- _INPUT DATA_
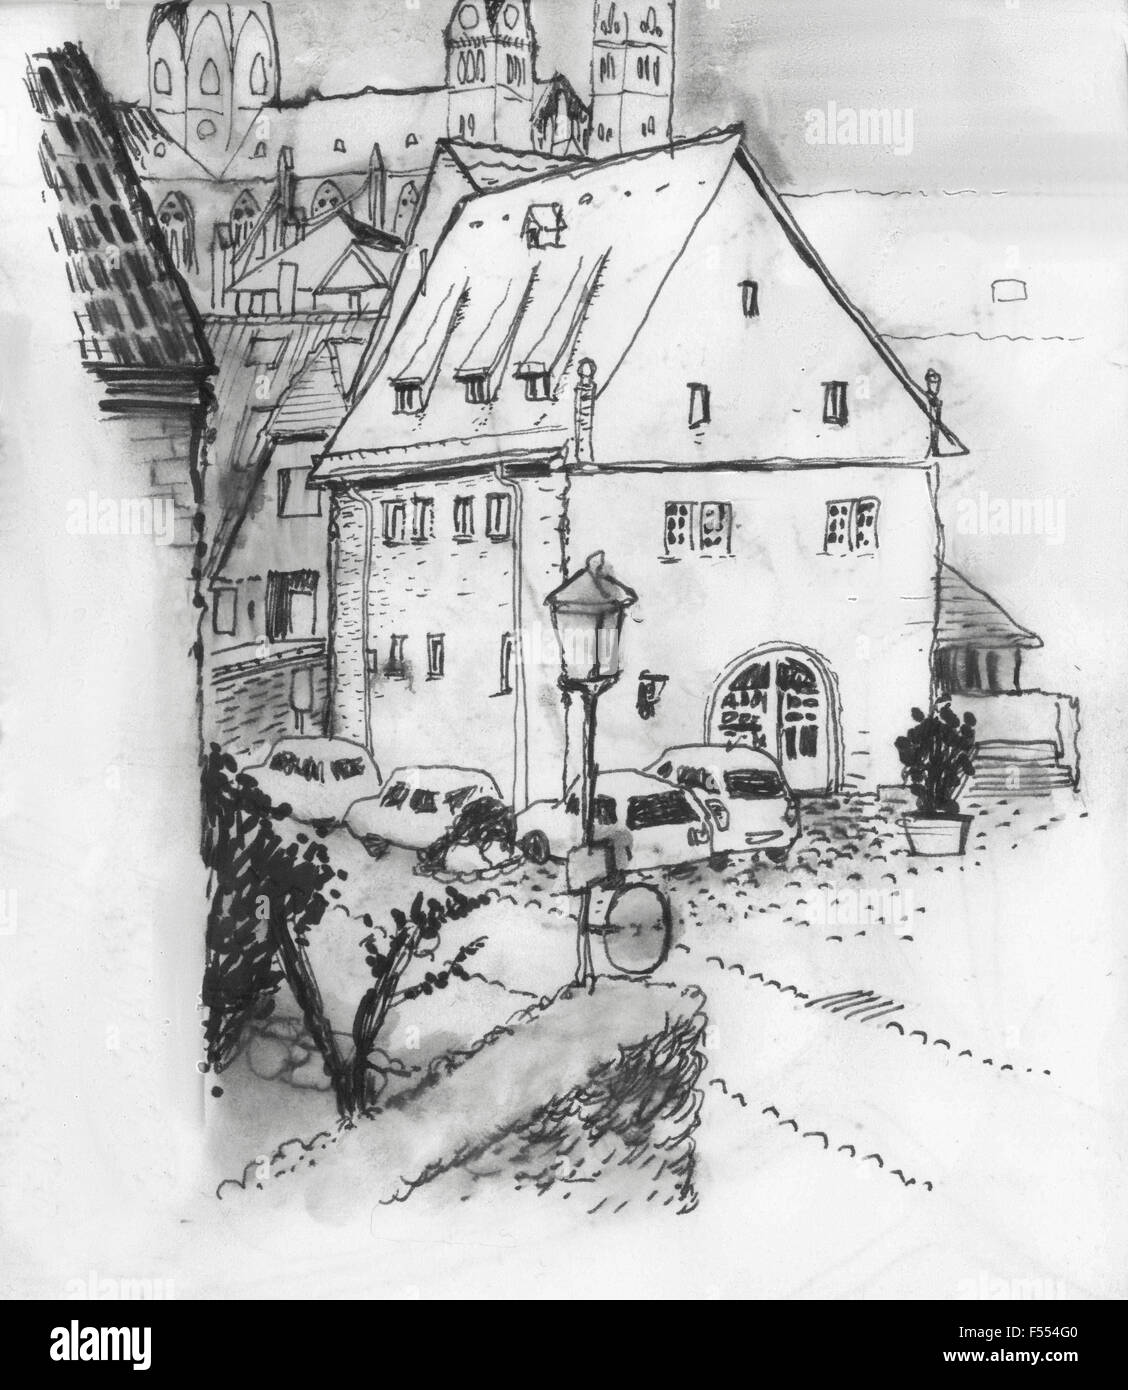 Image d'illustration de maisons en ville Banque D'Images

--

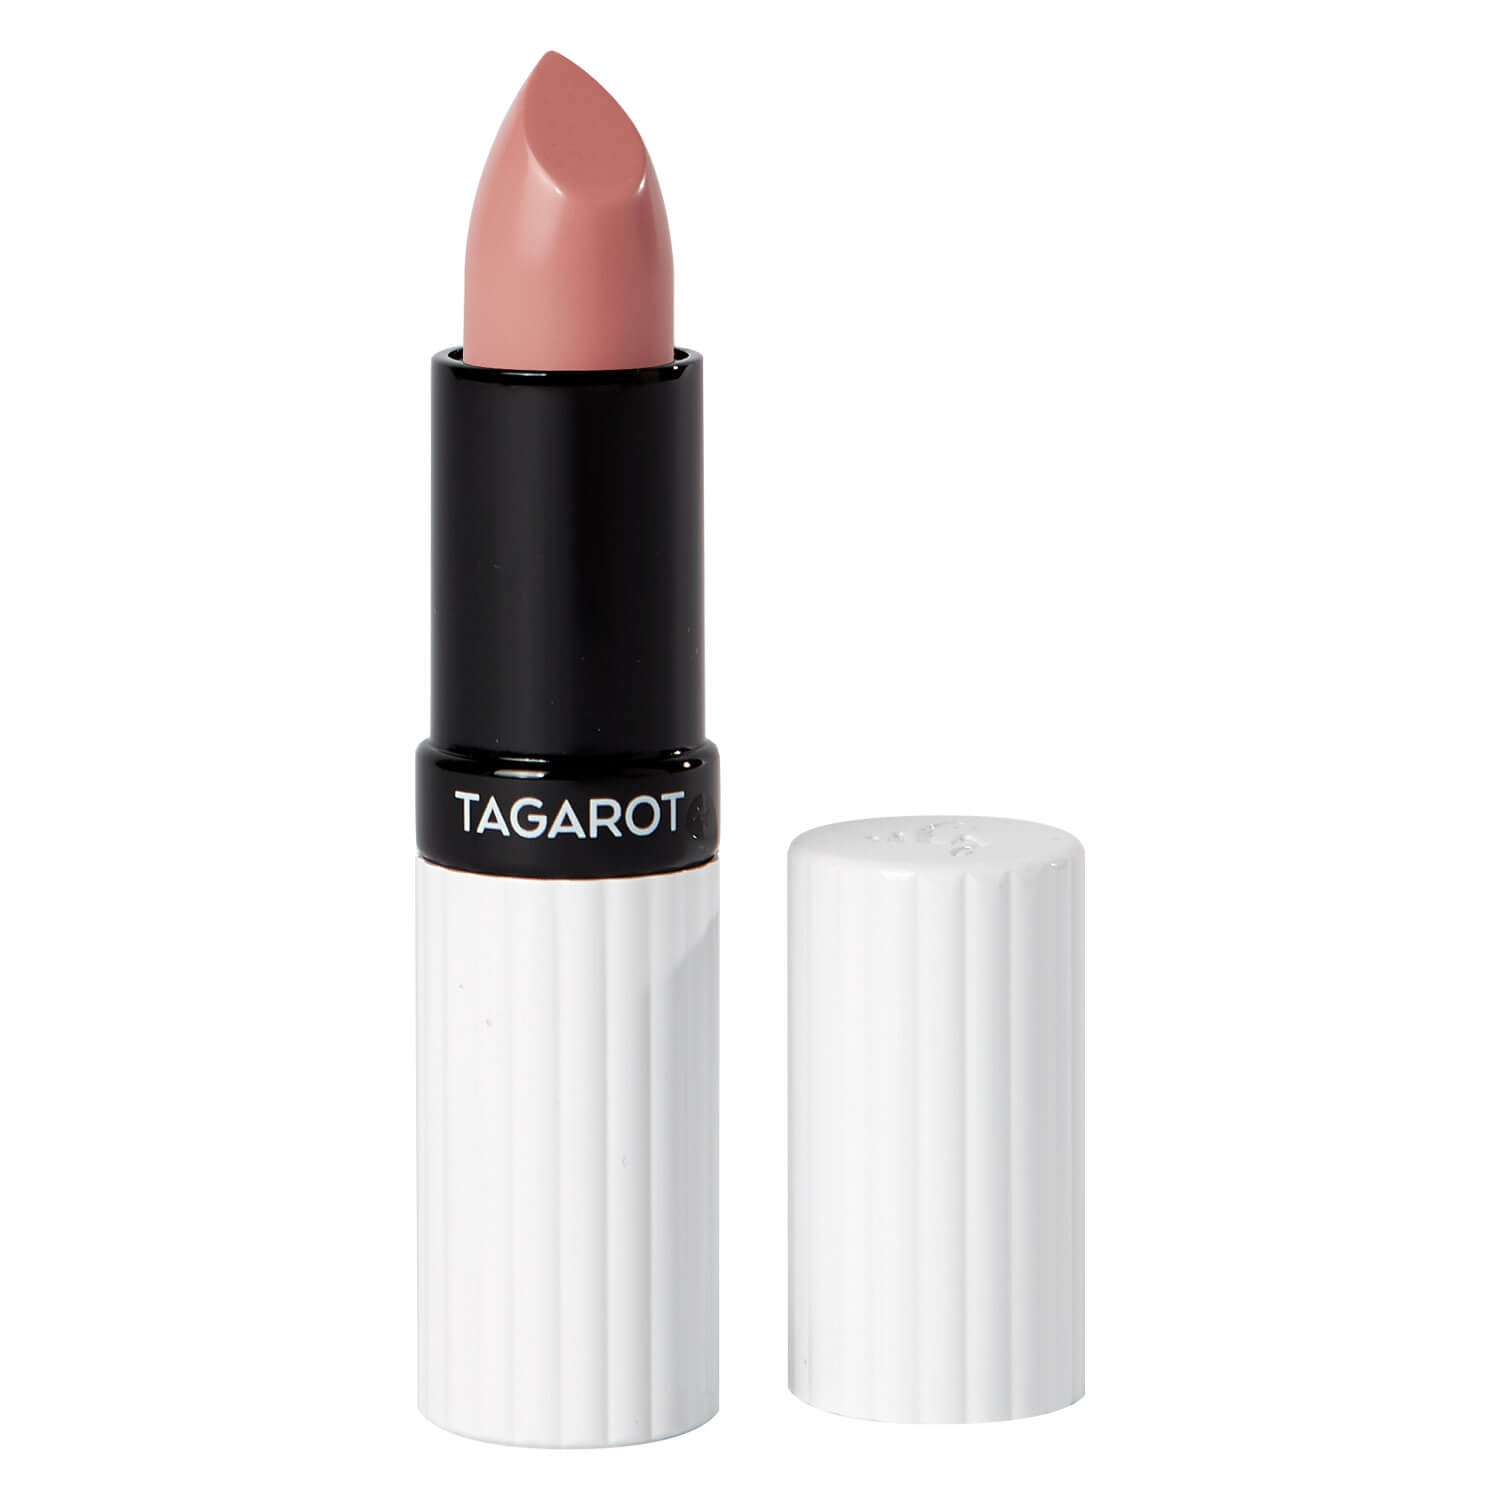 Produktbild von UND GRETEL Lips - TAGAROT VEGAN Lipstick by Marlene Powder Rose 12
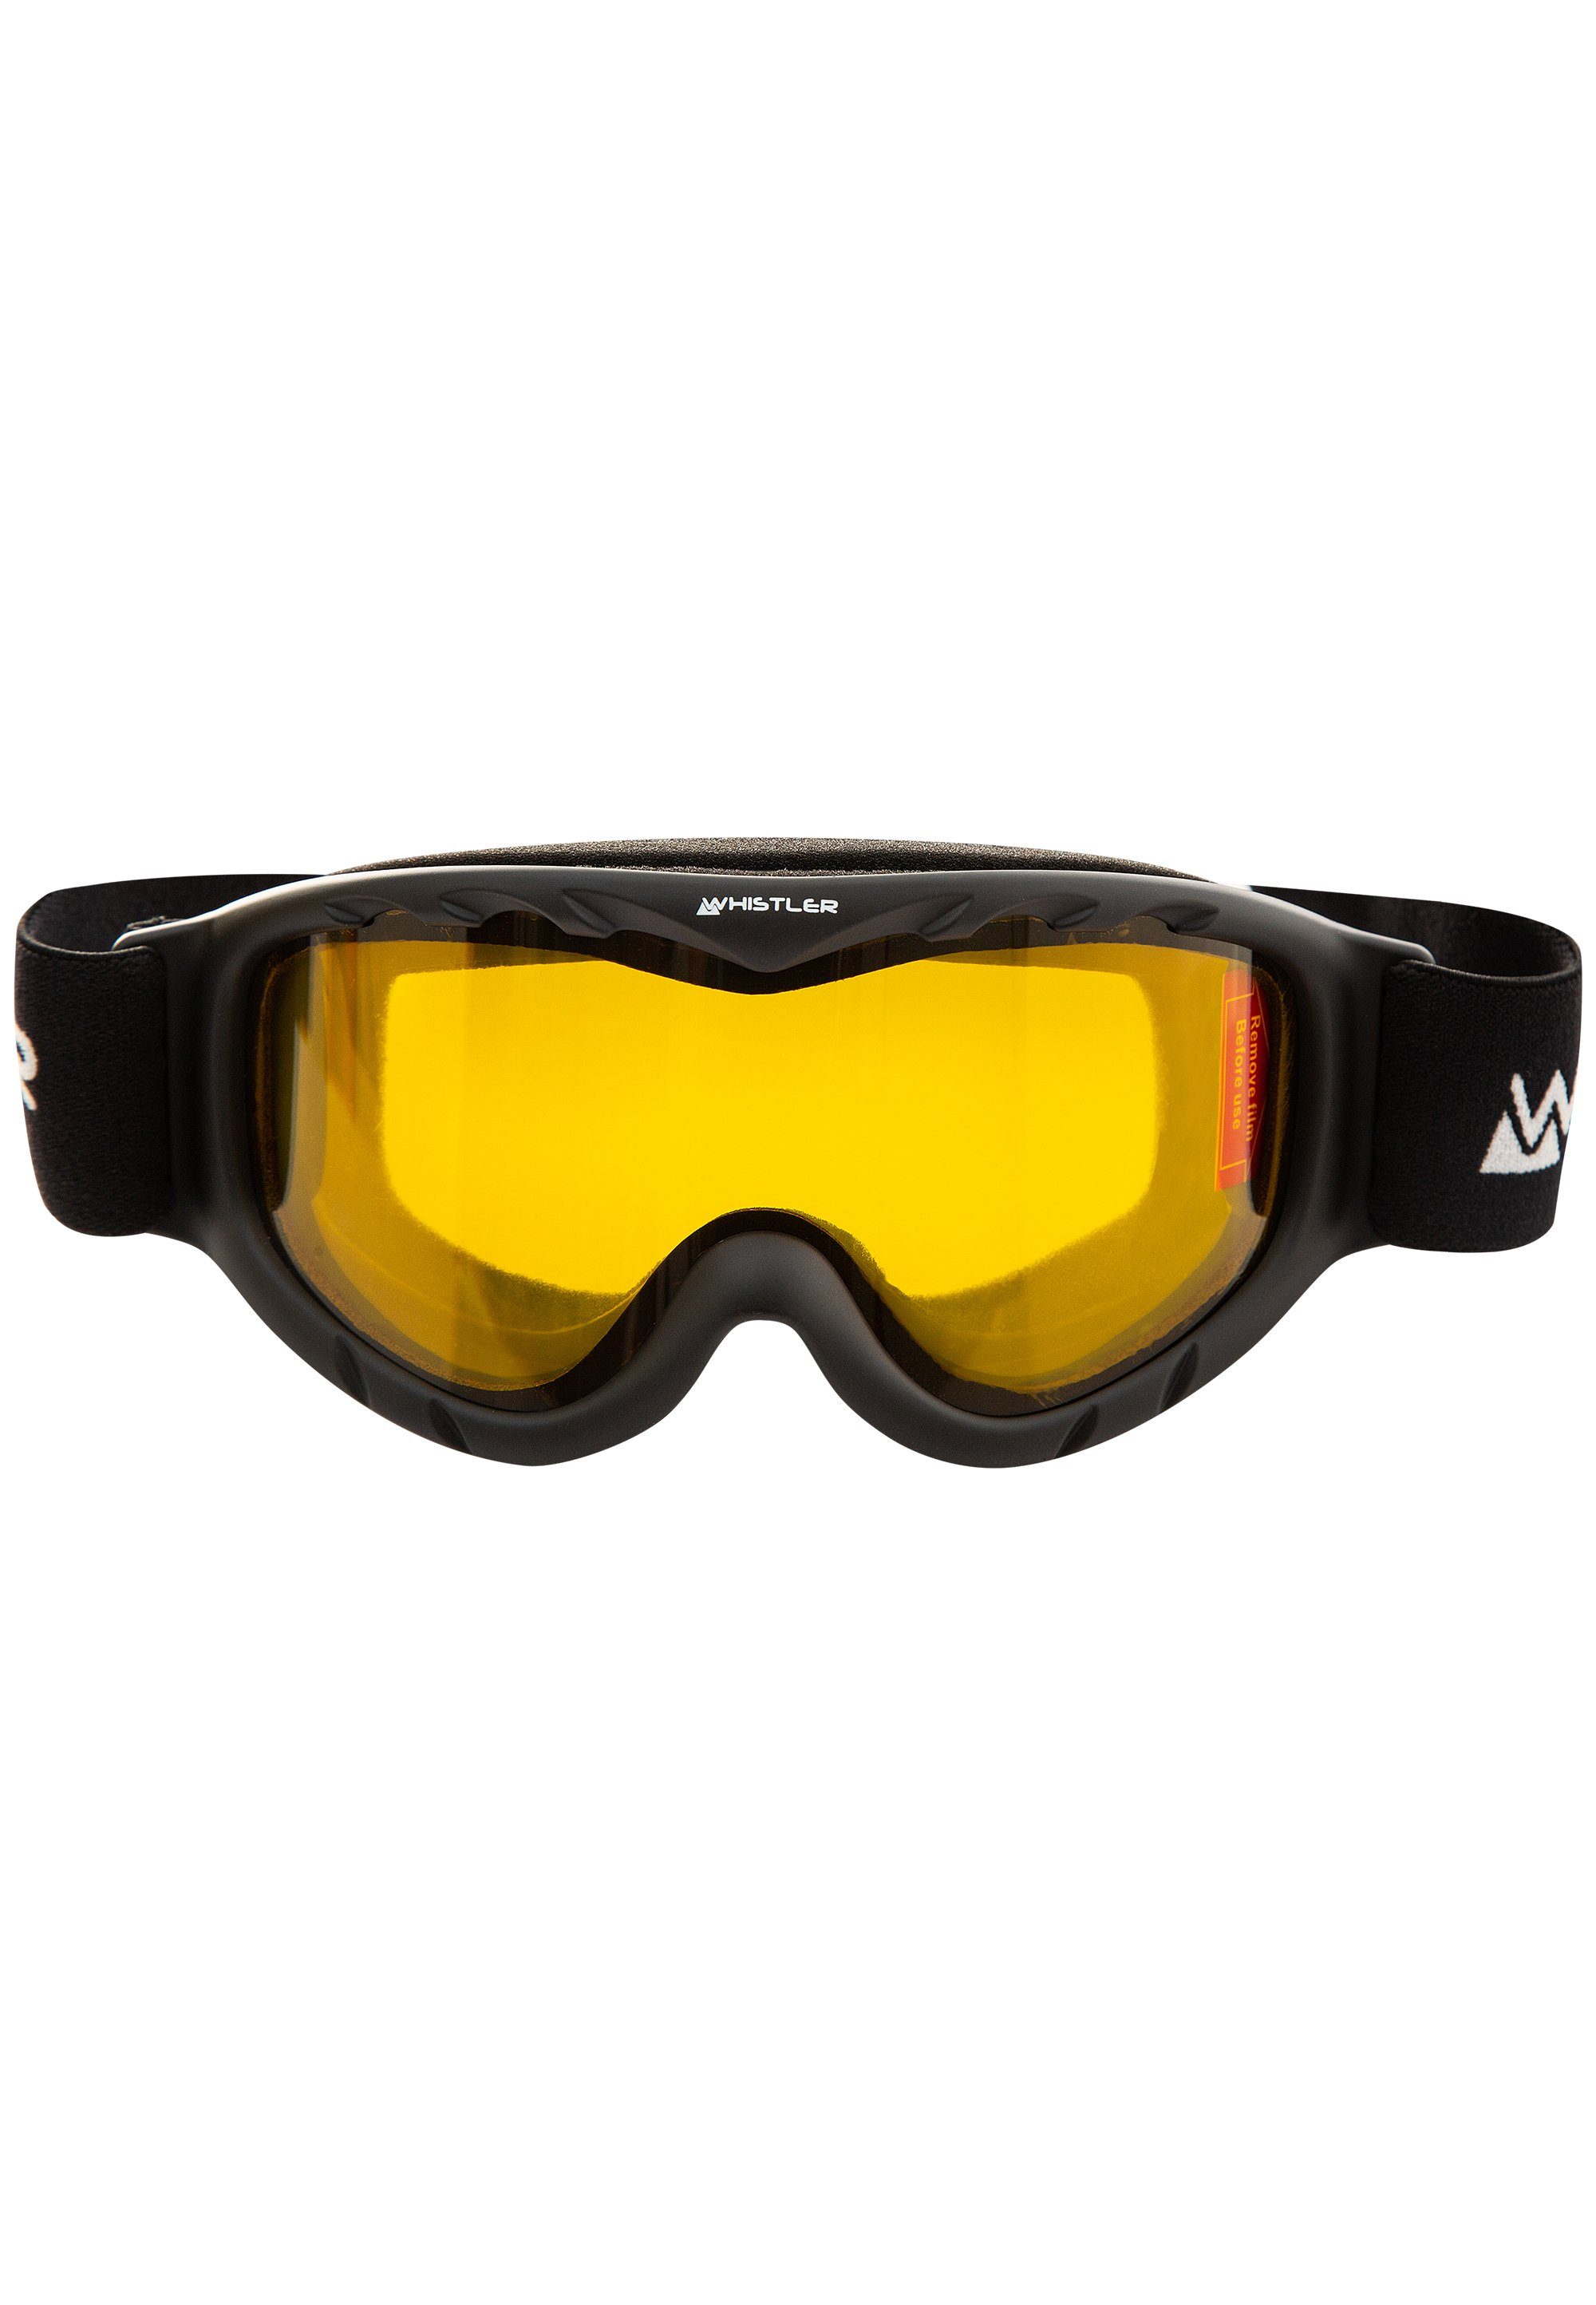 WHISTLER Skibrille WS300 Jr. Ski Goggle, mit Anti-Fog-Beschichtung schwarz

- _TASK TO CARRY OUT_
From the material above, output only the span of lines that starts at the one containing "Produktbild von UND" and finishes at the one containing "WHISTLER Skibrille WS300", word for word and free of pictures.

- _RESPONSE AREA_
 Produktbild von UND GRETEL Lips - TAGAROT VEGAN Lipstick by Marlene Powder Rose 12
 WHISTLER Skibrille WS300 Jr. Ski Goggle, mit Anti-Fog-Beschichtung schwarz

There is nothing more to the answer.